- **What is expected**
Below is a listing; transcribe it exactly but without any images.

- **Collected data**
=====

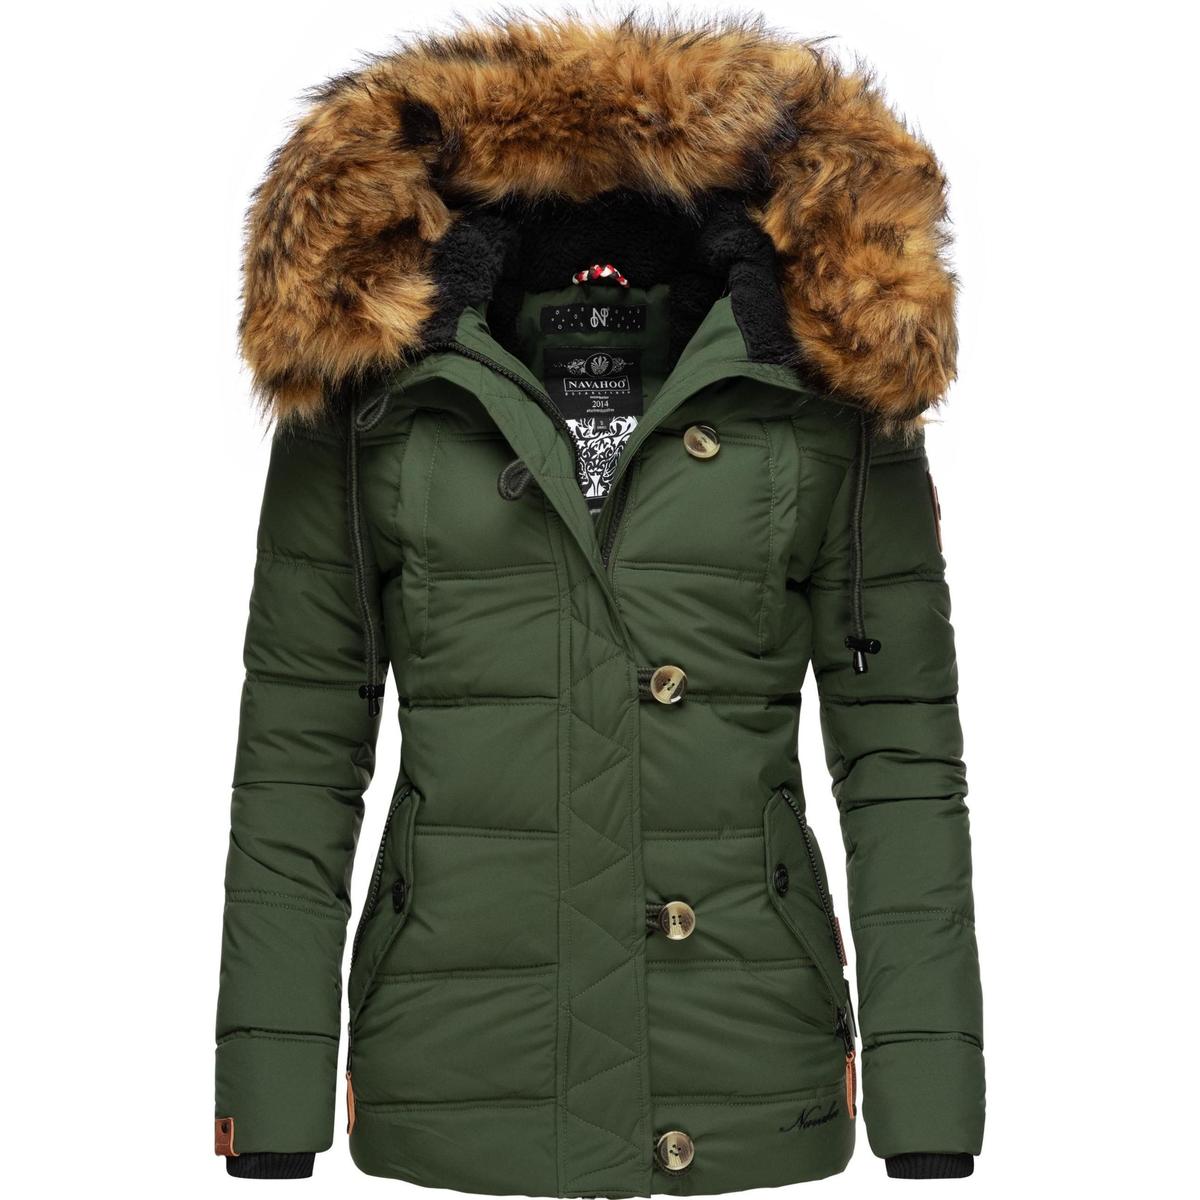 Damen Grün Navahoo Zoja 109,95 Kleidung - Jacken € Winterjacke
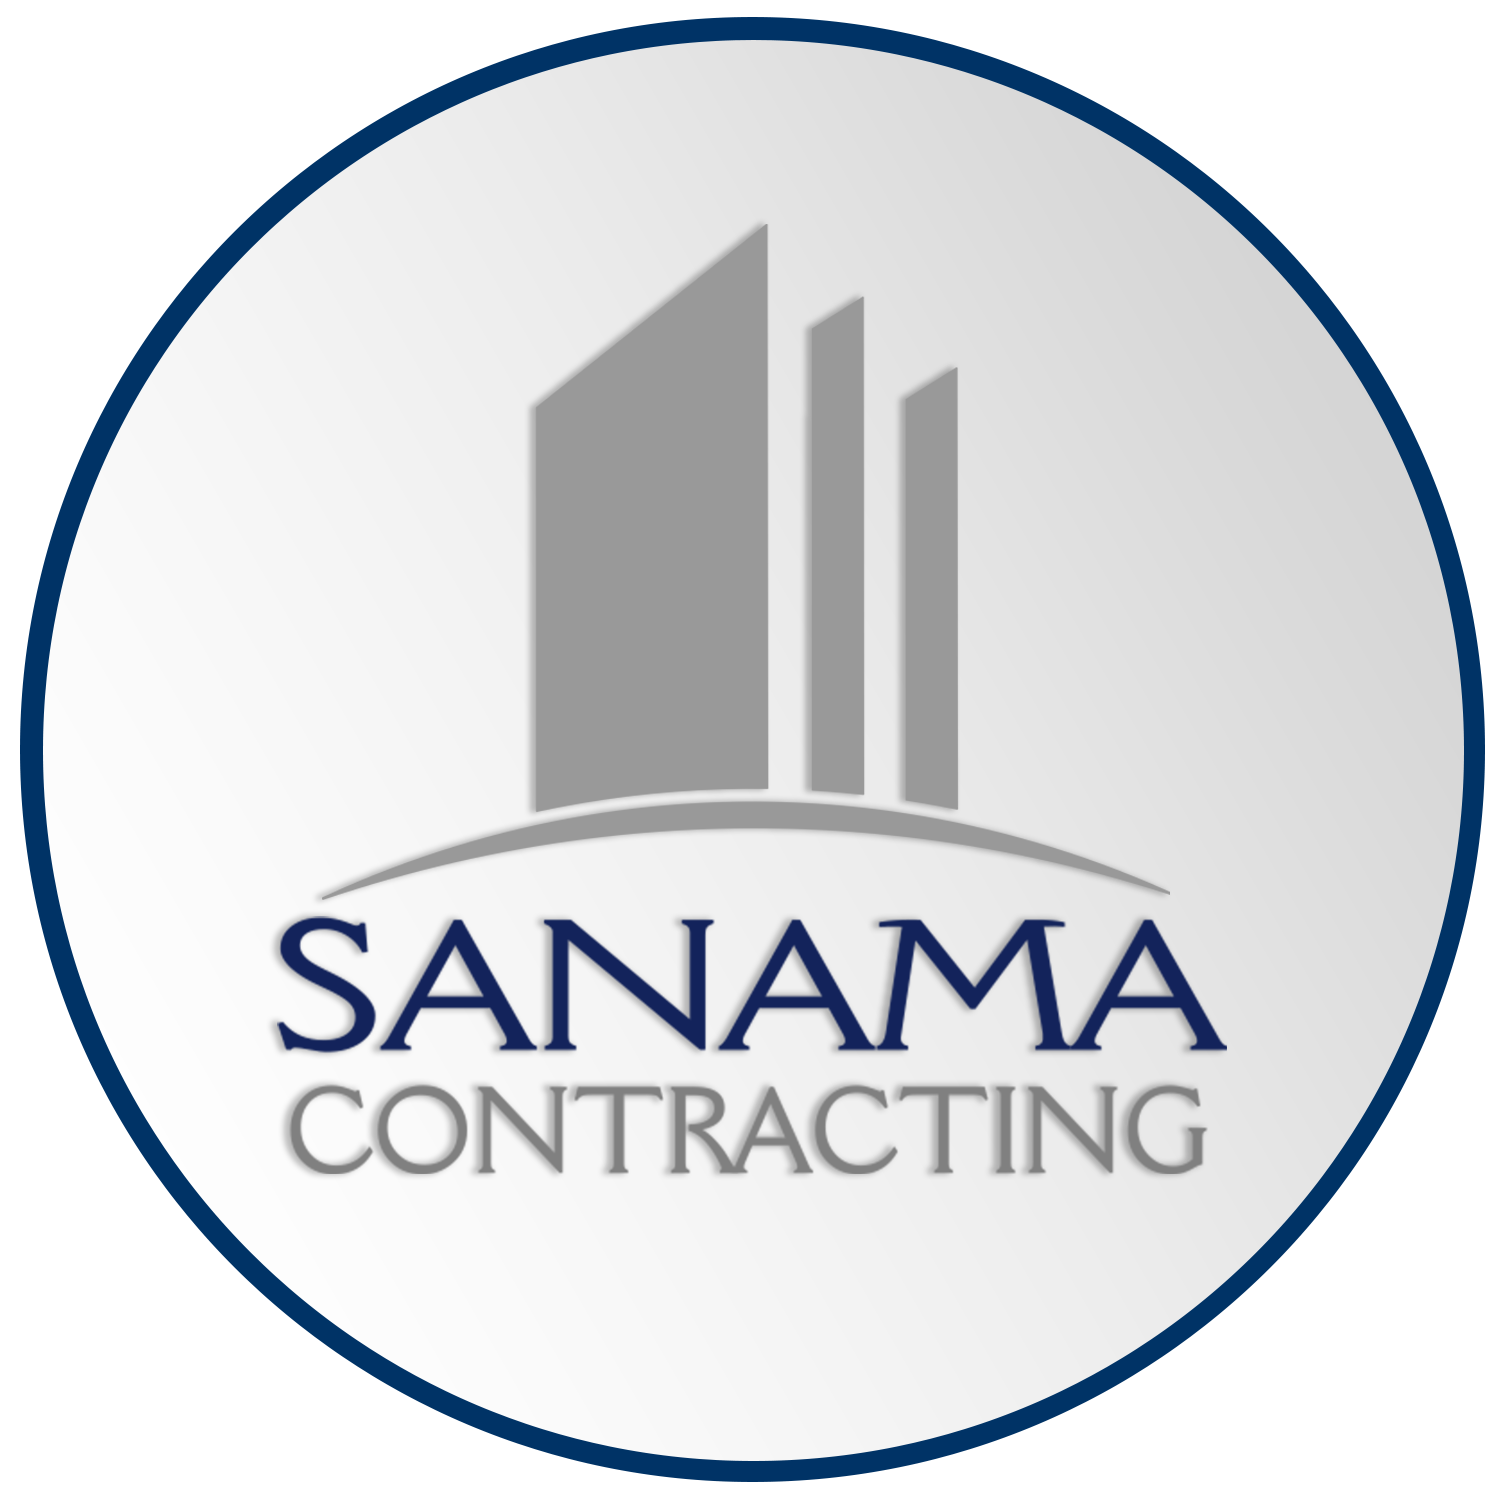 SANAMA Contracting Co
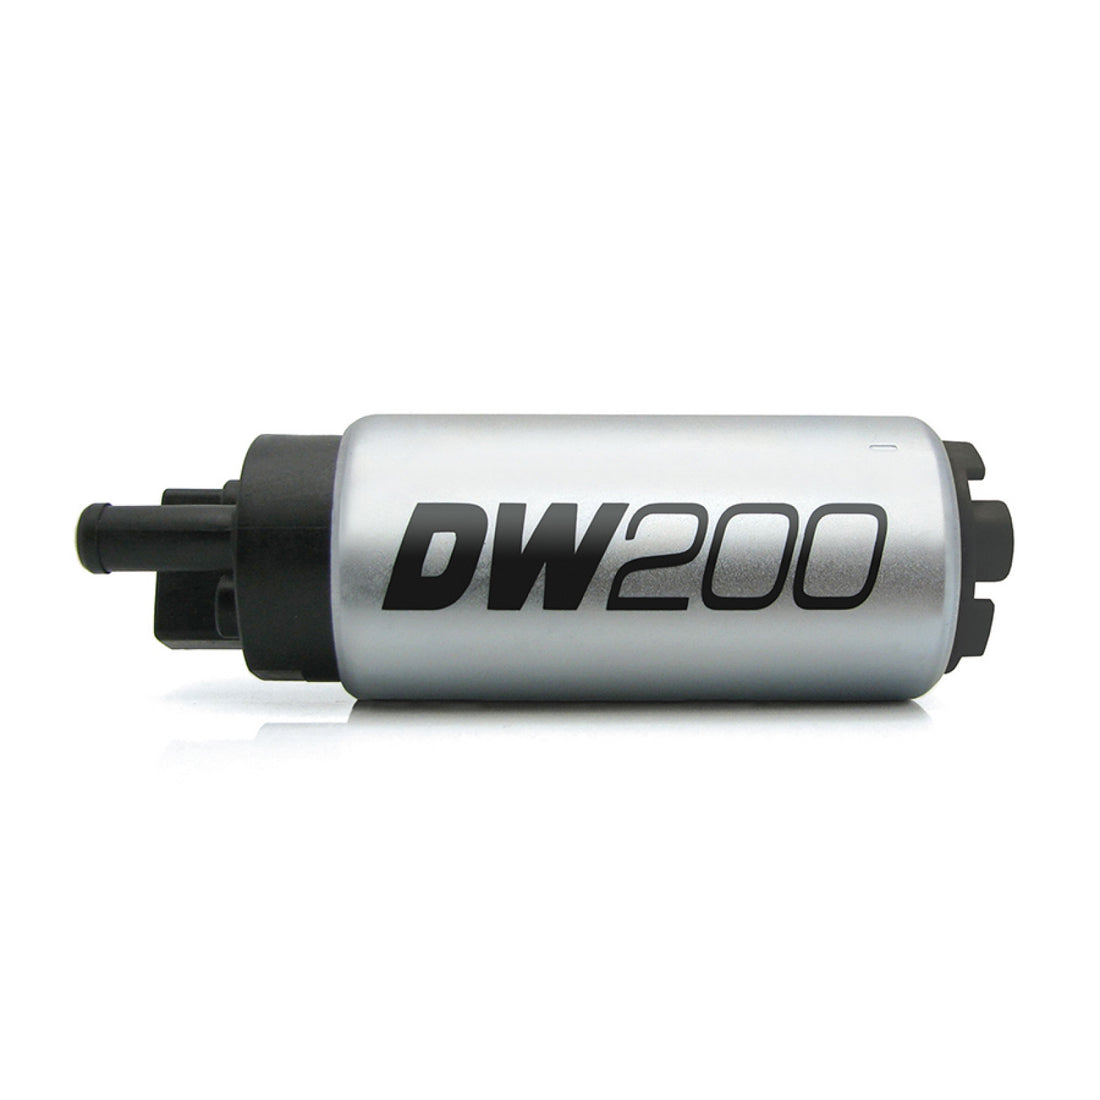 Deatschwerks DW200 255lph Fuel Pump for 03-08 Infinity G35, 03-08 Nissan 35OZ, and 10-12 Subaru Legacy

=====

- **Solution for this task**
 Damen Grün Navahoo Zoja 109,95 Kleidung - Jacken € Winterjacke
 SANAMA Contracting Co
 Deatschwerks DW200 255lph Fuel Pump for 03-08 Infinity G35, 03-08 Nissan 35OZ, and 10-12 Subaru Legacy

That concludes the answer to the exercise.